Reputation: 31
I have a dataframe df which I read from a json file:
val df = spark.read.json("C:\\filepath\\file.json")
which have the following data
Id | downloadUrl | title |
---|---|---|
52193 | https://... | Title... |
5441 | https://... | Title... |
5280 | null | null |
5190 | https://... | Title... |
5215 | https://... | Title... |
1245 | https://... | Title... |
339 | null | Editorial |
59 | https://... | Title... |
Now I want to create a new dataframe or rdd that only have rows downloadUrl and title not null.
df.map(row=>{
// here I want to see if the downloadUrl is null
// do something
// else if the title is null
// do something
// else
// create a new dataframe df1 with a new column "allowed" with the value set to 1
// push df1 to API
})
Upvotes: 0
Views: 2097
Reputation: 740
df.map(row=>{
// here I want to see if the downloadUrl is null
// do something
// else if the title is null
// do something
// else
// create a new dataframe df1 with a new column "allowed" with the value set to 1
// push df1 to API
})
Not sure what you mean by if title/downloadUrl is null do something
But if you want a new dataframe that only have rows downloadUrl and title not null. Try using this dataset method
case class MyObject(id:Int, downloadUrl: String, title: String)

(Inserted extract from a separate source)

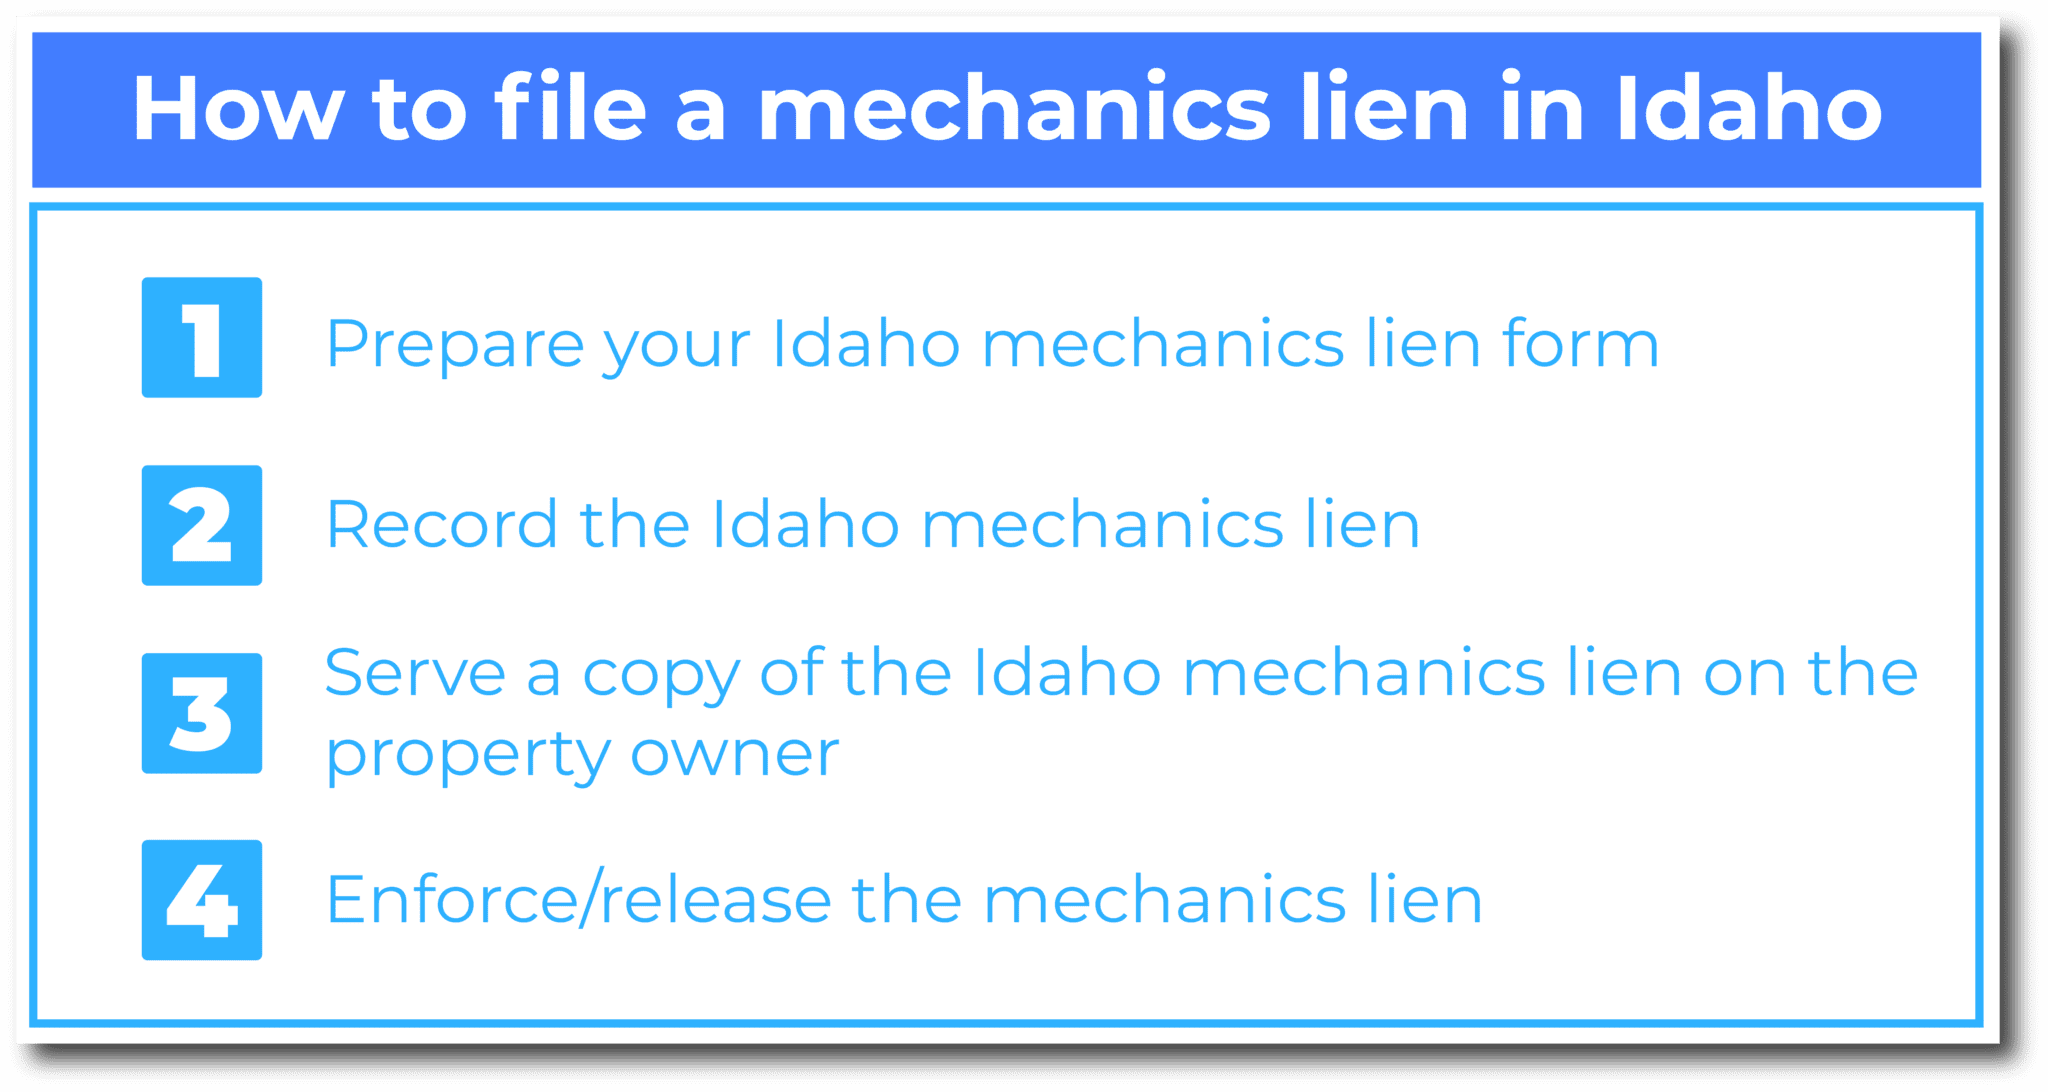 How to file a mechanics lien in Idaho

val df = spark.read.json("C:\\filepath\\file.json").as[MyObject]
val df1 = df.filter(o => o.downloadUrl =! null && o.title != null)

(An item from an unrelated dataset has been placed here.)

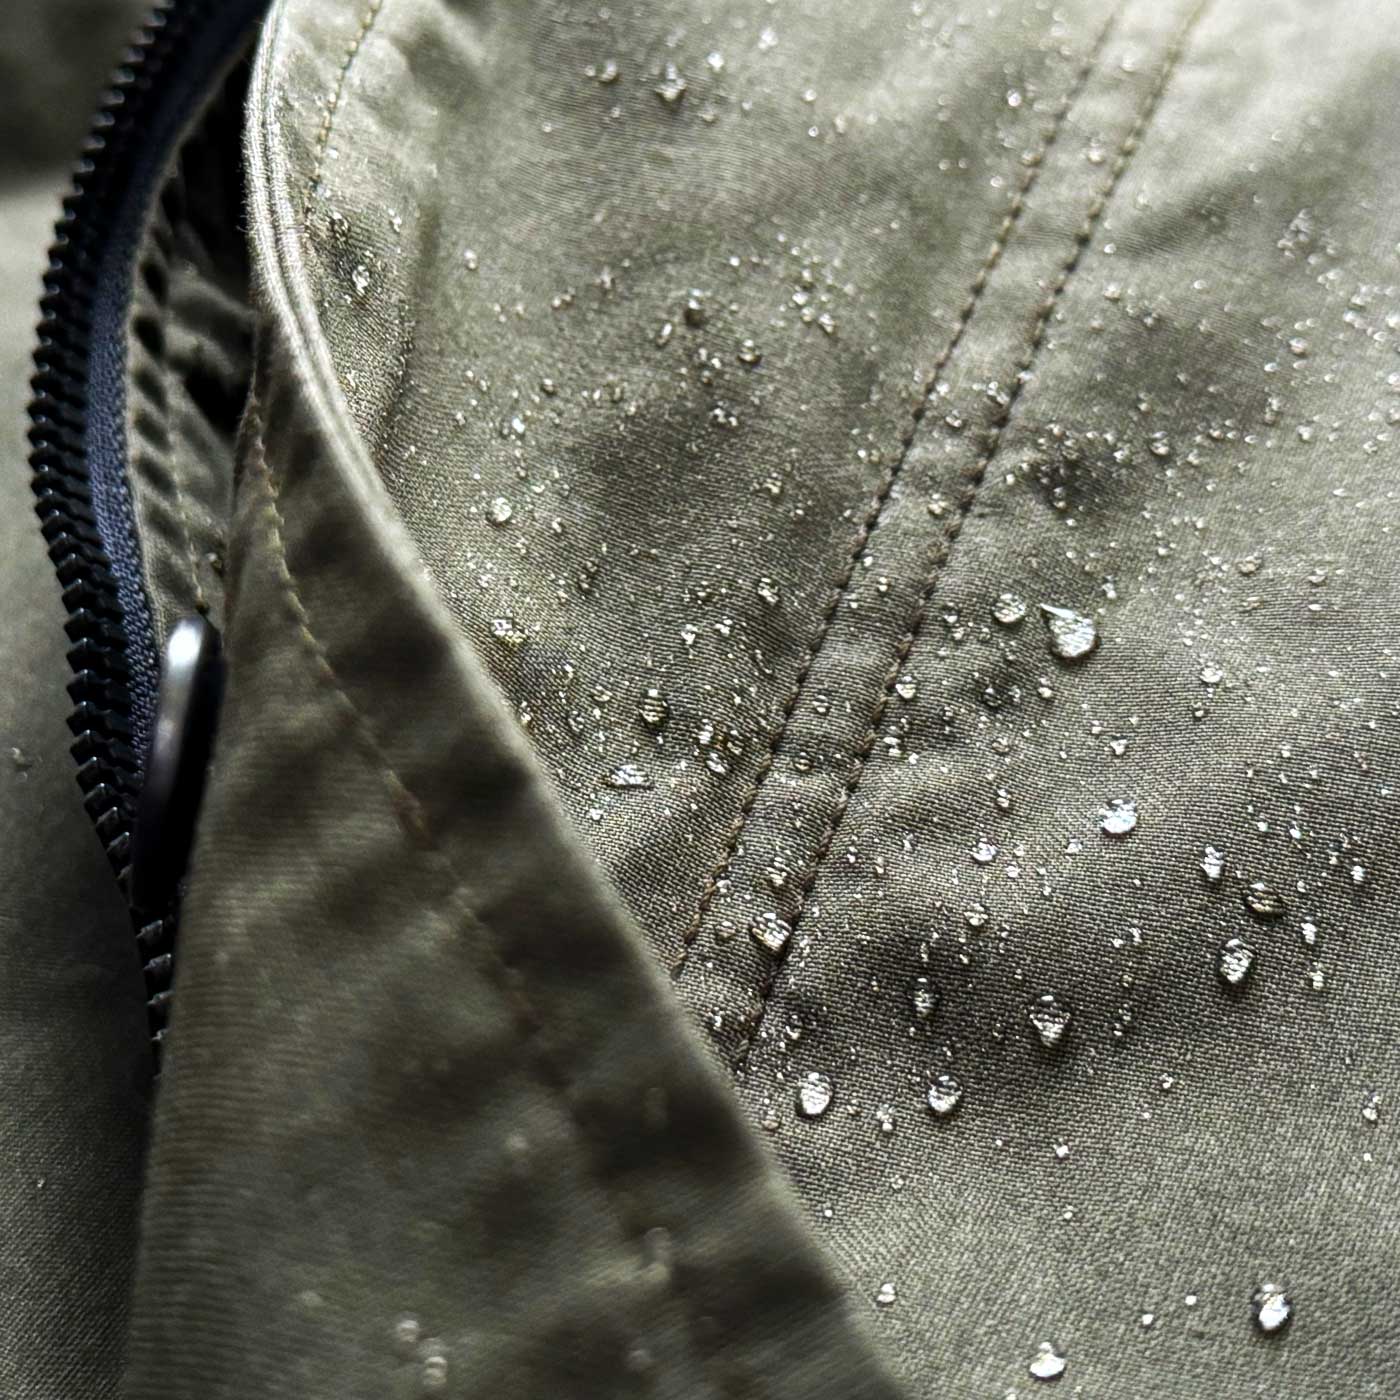 FOR LEGENDS BY CADUFF | WAXED COTTON FABRIC | WATER REPELLENT

Another way would be using the filter function as below
val df1 = df.filter(row=>{
val downloadUrl = row.getAs[String]("downloadUrl")
val title = row.getAs[String]("title")
// here I want to see if the downloadUrl is null
// do something
// else if the title is null
// do something
// else
// create a new dataframe df1 with a new column "allowed" with the value set to 1
return title != null && downloadUrl != null
})
Lastly if you want to push reach row to an external API, use a foreach each instead. Then use the predicate to determine whether the row should be pushed
df.foreach(row=>{
val downloadUrl = row.getAs[String]("downloadUrl")
val title = row.getAs[String]("title")
// here I want to see if the downloadUrl is null
// do something
// else if the title is null
// do something
// else
// create a new dataframe df1 with a new column "allowed" with the value set to 1
if (title != null && downloadUrl != null){
//call the API here
}
})
But in this case we are not creating a new dataframe - df1
Upvotes: 1